Biblical stories enjoyable because they're great literature
The Rev. Darrell Brazell, pastor, New Hope Fellowship, 1449 Kasold Drive:
This may sound simplistic, but the way to make connections with the ancient stories in scripture is to just read them. Yes, there are some sections of the Bible that are confusing, technical and even tedious. However, the stories themselves are great literature and rank right up there with the stories that draw us to the box office, the Internet and the local bookstore.
David's affair with Bathsheba and his subsequent unwillingness to deal with his sexual and family dysfunctions easily compare with the stories of Bill Clinton, Ted Haggard or whoever might be the latest political or religious leader to fall to sexual indiscretions.
Currently, I am preaching through the gospel of Mark, and Mark's ability to tell the story of Jesus constantly amazes me. Too often, people get so caught up arguing about the interpretations of particular teachings they forget the Christian faith is primarily focused on the story of the person of Jesus. God intends this story to draw us into relationship with his son who calmed the sea, healed the sick and raised the dead. He also battled toe to toe with the religious leaders of his day so intensely that they resorted to killing him.
Now to me, that sounds like quite an intriguing story line, but don't take my word for it. Investigate it yourself. Stop trying to analyze it and take an hour to just read the Gospel of Mark. Allow your heart to ask, "Who is this man?"
You might be surprised how well you connect to the story. You might also be shocked to find out what happens when you stop trying to figure out the "it" before you know the "who."
- Send e-mail to Darrell Brazell at firstname.lastname@example.org.
Scriptures source for new insights, even in modern times
Debbie Stiel, rabbi, Lawrence Jewish Community Center, 917 Highland Drive:
Rabbi Ben Bag Bag (1st century CE) said of the Torah (Pentateuch): "Turn it over and over, for everything is in it."
Since then, Jews have grappled with the text, debating its meaning and writing stories based on the text. We look at the text again and again to see what new insights it has for us. Our understanding about the biblical stories has always been that they are there to instruct us.
From this perspective, the stories of the Bible speak to us just as they spoke to people 500 or 2,000 years ago. This is because the issues that appear in the stories are, for the most part, timeless. Whether it is the issue of sibling rivalry that we see between Jacob and Esau, the question of keeping faith as grappled with by those Israelites who created the golden calf, or trying to discern what God wants of us as the prophet Micah does - the topics are still relevant for us today.

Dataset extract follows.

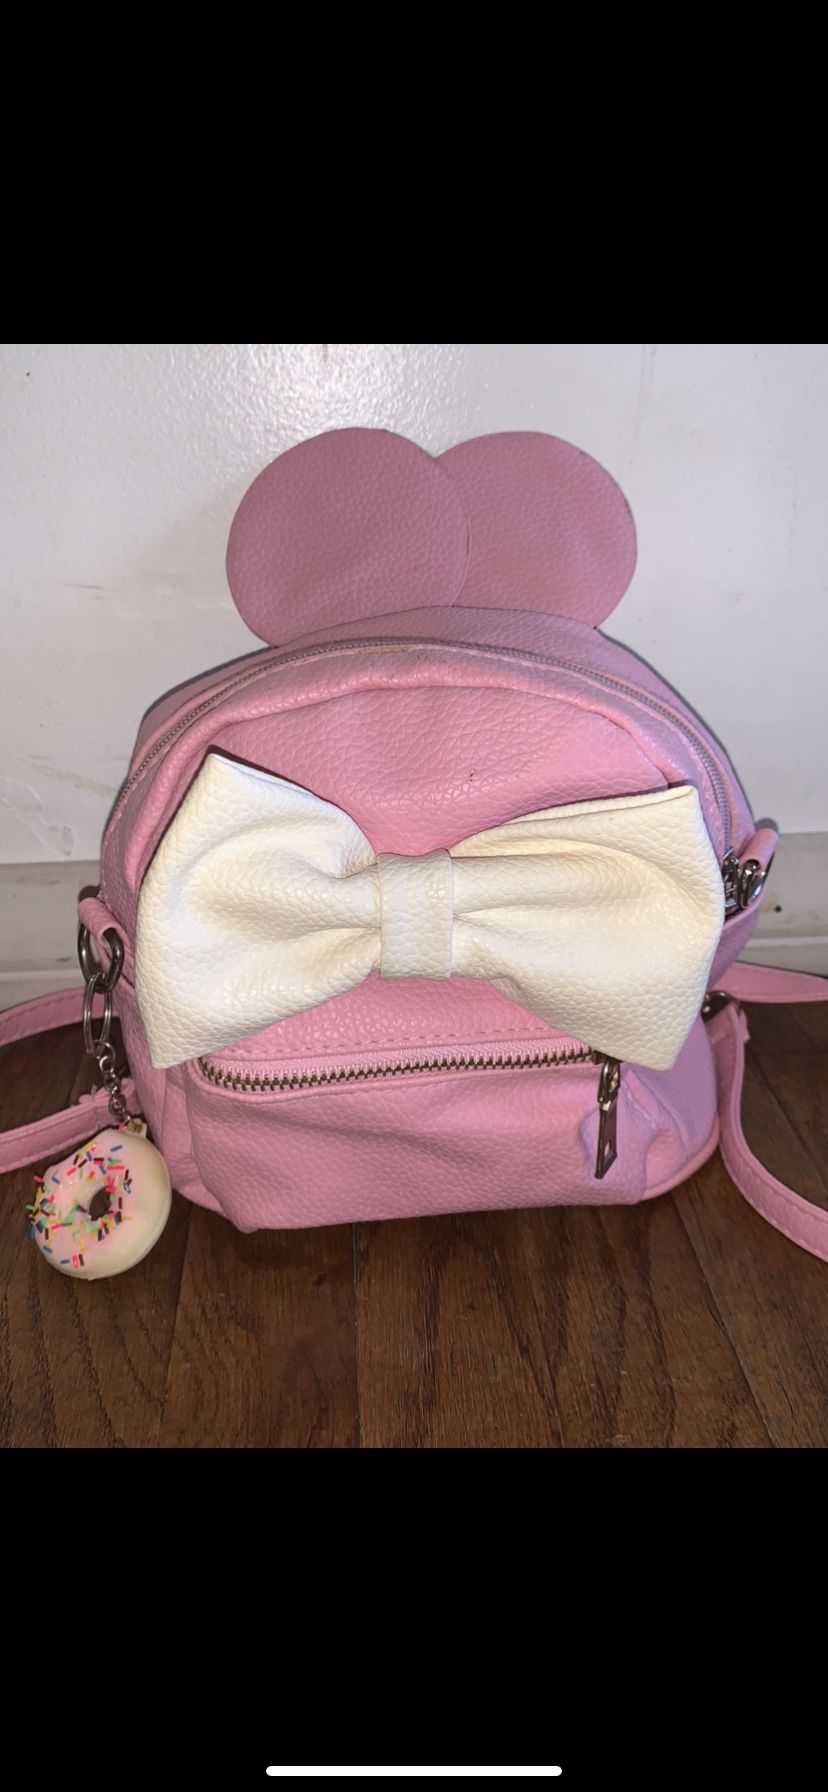 Pink Minnie Mouse backpack
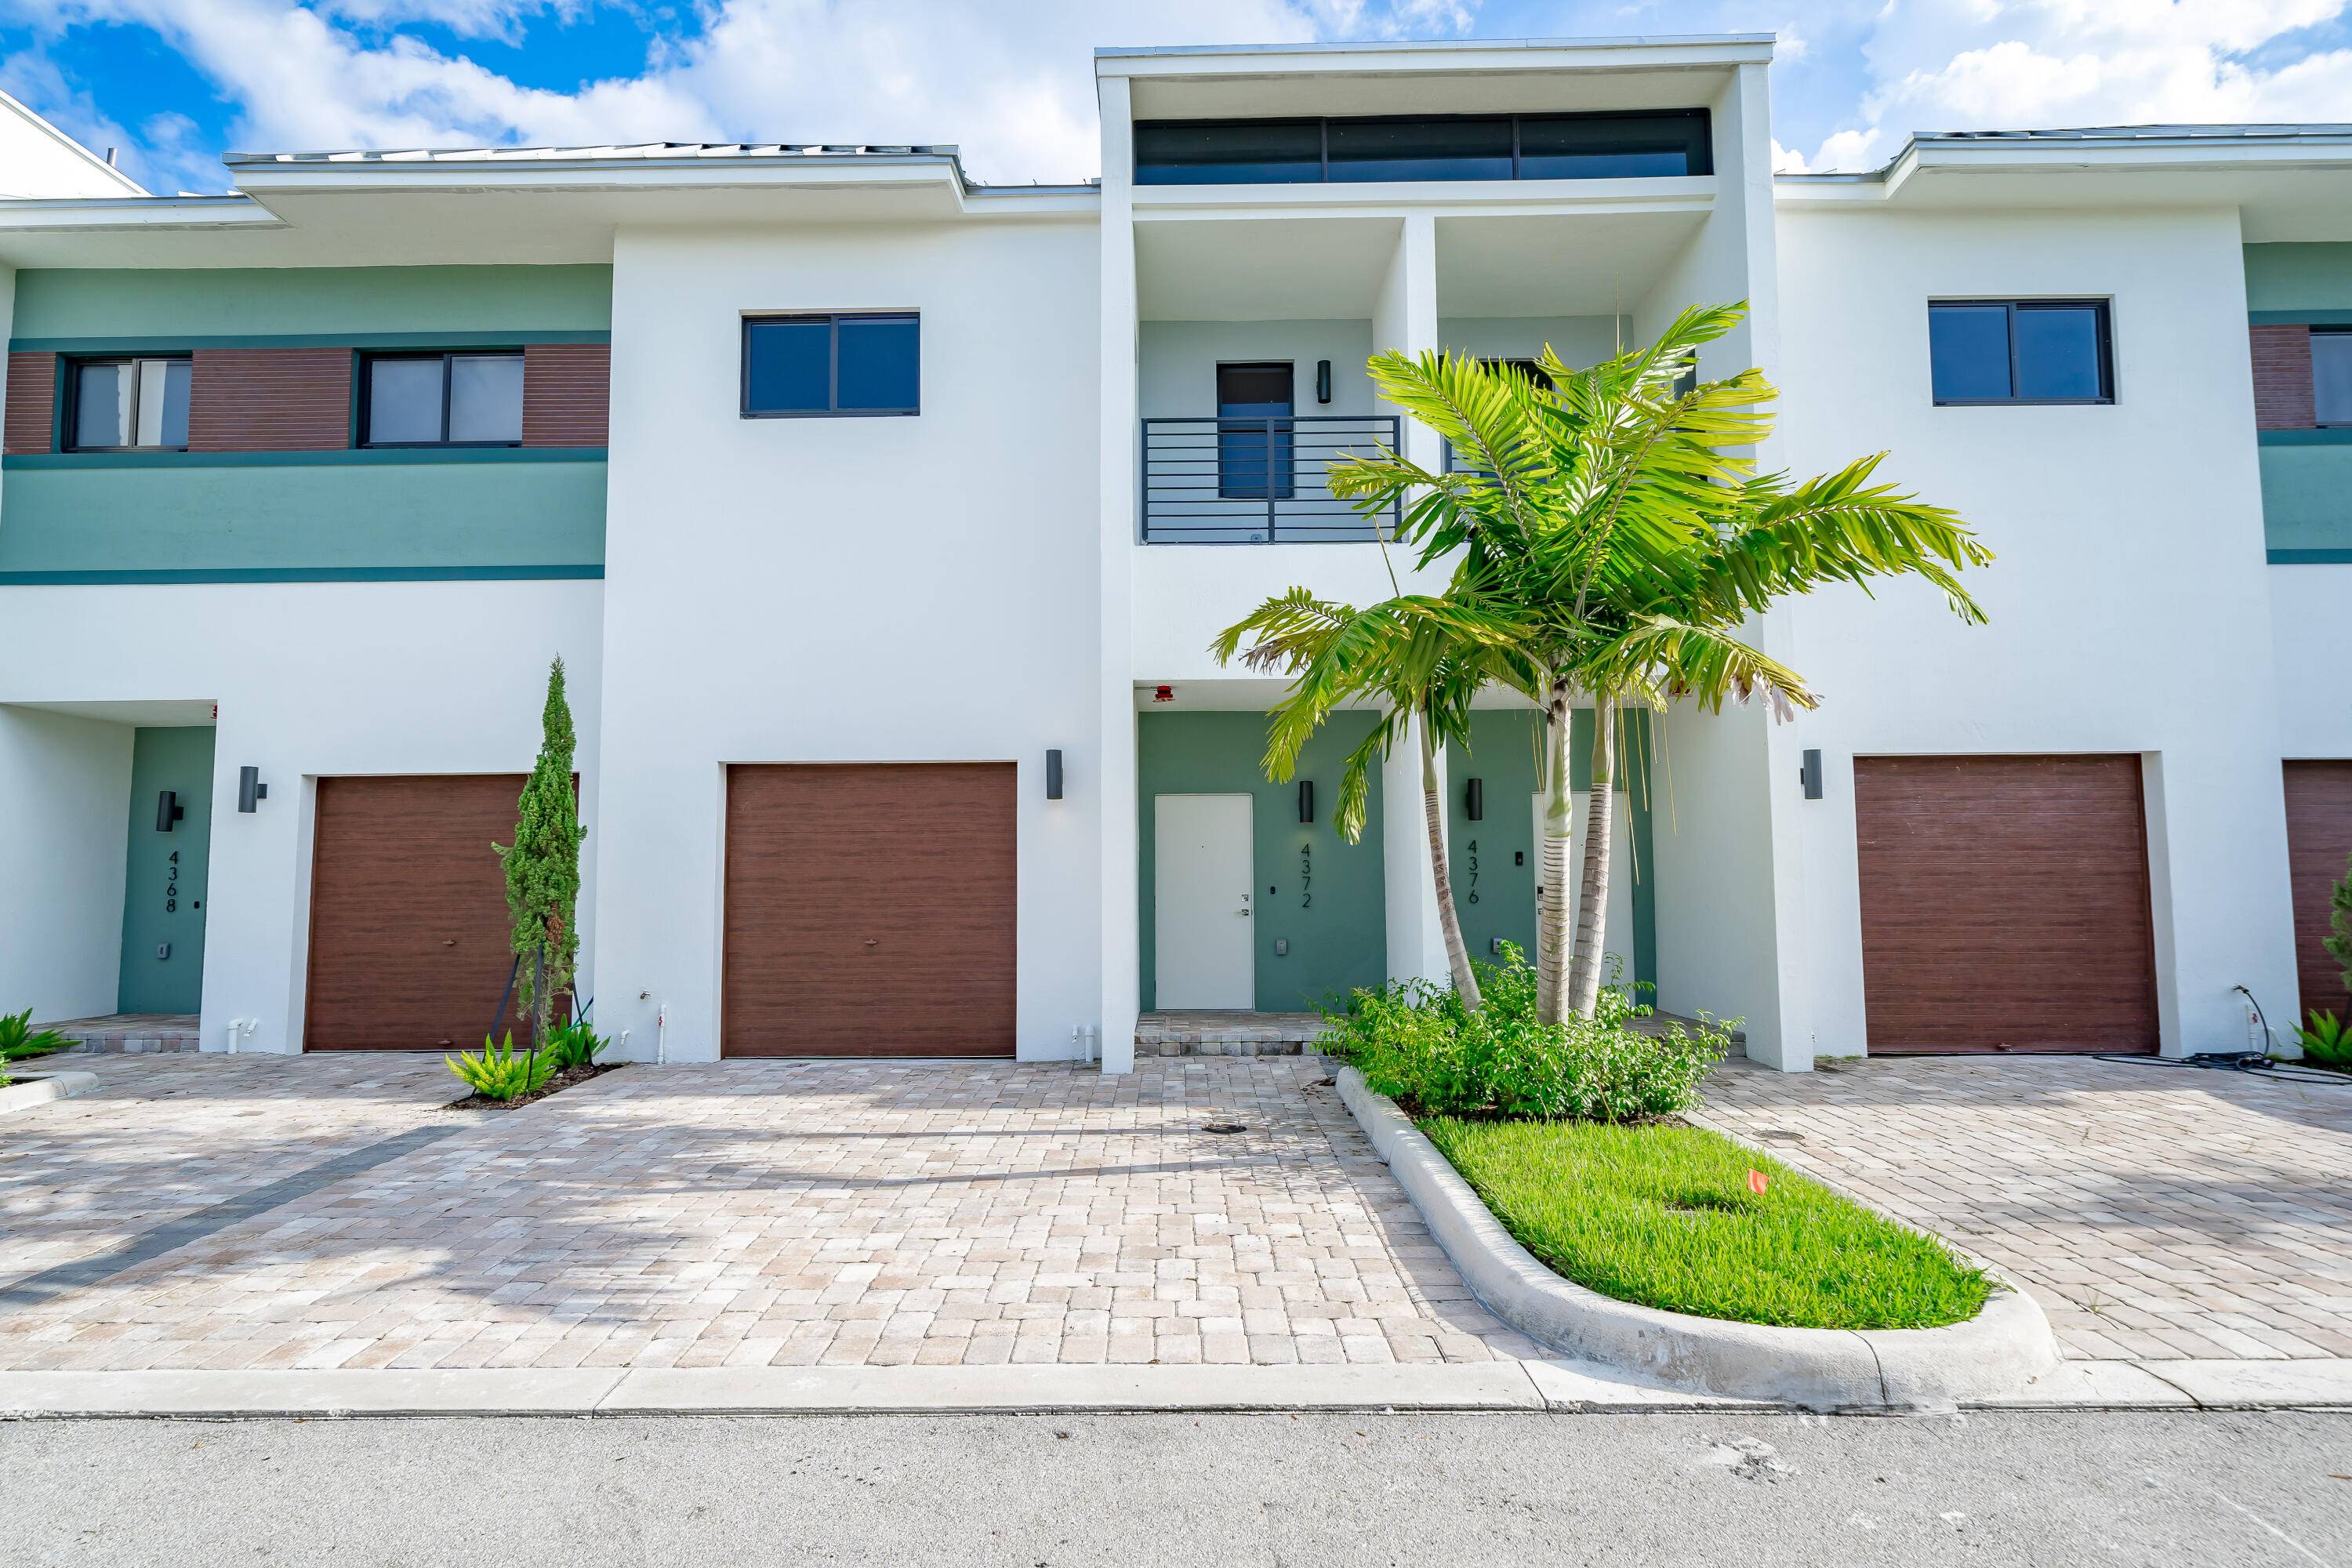 Contemporary Construction Hurricane Impact Windows Walking Distance to Community Dog Park Gated Community with Lake Views Welcome to Strata at Plantation !

It is interesting to note that the rabbis of old often did not take the Bible so literally. For example, when it says in Genesis that God walked in the Garden of Eden, rabbis 2,000 years ago explained that that was simply a metaphoric way of saying that God was with Adam and Eve in the garden.
So, too, I believe that many of us today will get more from the Bible if we look to its deeper meanings rather than ask of each story - how did this happen and where is the scientific proof. As human beings we want to understand our role in the world and how to give meaning to our lives, the Bible and its stories continue to give us great direction for these important questions.
- Send e-mail to Debbie Stiel at email@example.com.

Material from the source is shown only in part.